According to the GoodRx Statement, the FTC’s concerns were proactively addressed several years ago and thus the Order will have no material impact on the business’ current or future operations. Otherwise, per GoodRx, the cost of the above requirements would have the potential to far exceed the penalty, and will subject GoodRx to continued government scrutiny for a term of 20 years in any event. By way of comparison, corrective action plan obligations under HIPAA resolution agreements, even in the event of a large-scale breach, typically do not exceed a three (3) year term.

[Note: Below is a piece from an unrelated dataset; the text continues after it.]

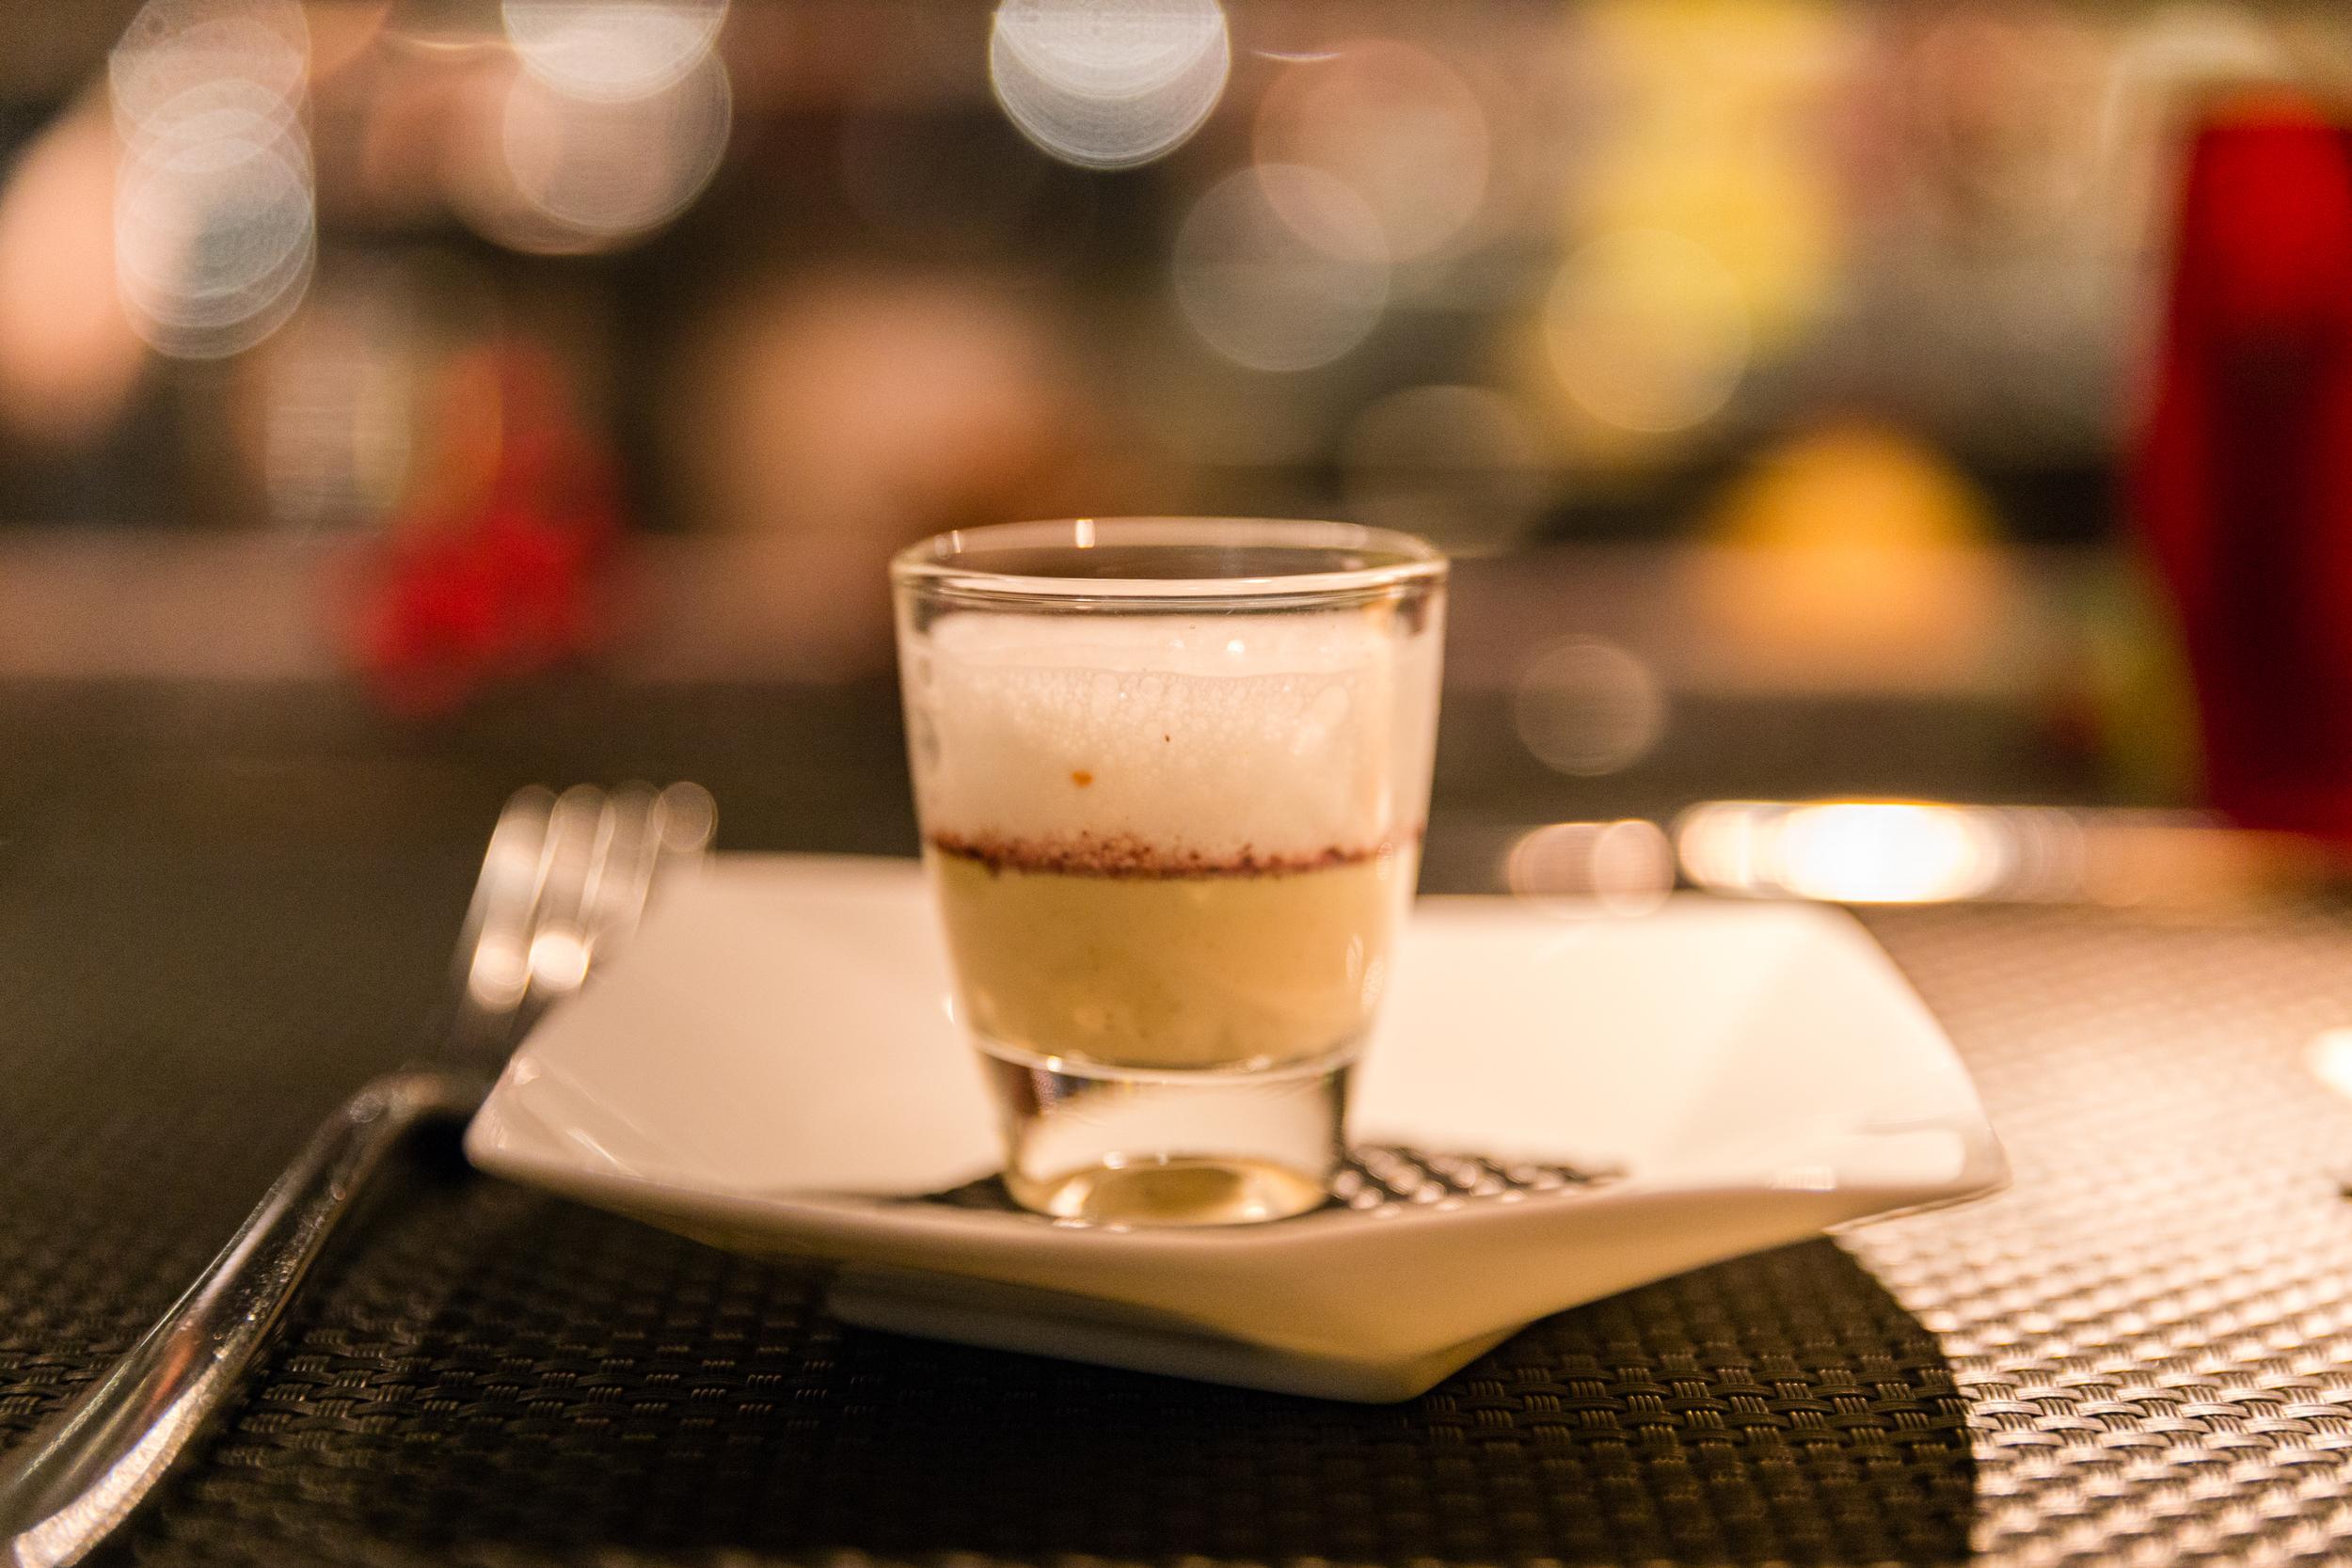 L'Amuse-Bouche - Foie gras custard with red porto wine and parmesan foam

In addition to the FTC, the DOJ has also signaled that health information privacy is a priority. On February 22, 2023, in a press release regarding the GoodRx settlement, Principal Deputy Assistant Attorney General Brian M. Boynton, head of the Justice Department’s Civil Division stated, “The Department is committed to enforcing protections against deceptive practices and unauthorized disclosure of personal health information.” Between recent enforcement trends and an increasing number of states enacting comprehensive consumer privacy legislation, the absence of HIPAA applicability is less of a material distinction when it comes to the risks presented by unauthorized use and disclosure of IHI. With this in mind, we recommend that entities collecting IHI from consumers take the following steps:
- determine whether the Breach Rule applies to the organization as described in FTC’s Policy Statement and if necessary update incident response and breach response policies and procedures;
- perform data mapping to understand the data collected from consumers and identify the purposes for which it is used and shared, taking into account what IHI can be inferred by the data collected using tracking technologies and other marketing services;
- identify what information privacy and security laws apply to the IHI collected;
- compare current use and sharing of IHI with public facing statements regarding same and address any inaccuracies;
- contact counsel if it is determined that prior use and disclosure of IHI resulted in a reportable breach under the FTC’s Policy Statement;
- consider the risks of making public representations regarding HIPAA compliance and other privacy and security measures before making them and update any existing statements that are misleading or inaccurate;
- evaluate information privacy and security policies and procedures and if necessary update to ensure compliance with applicable privacy laws and representations made to the public;
- monitor and audit third party disclosures of IHI for compliance with applicable law; and
- review current and prospective contracts with third parties to ensure applicable data sharing provisions align with applicable law, information privacy and security policies, and procedures and public representations.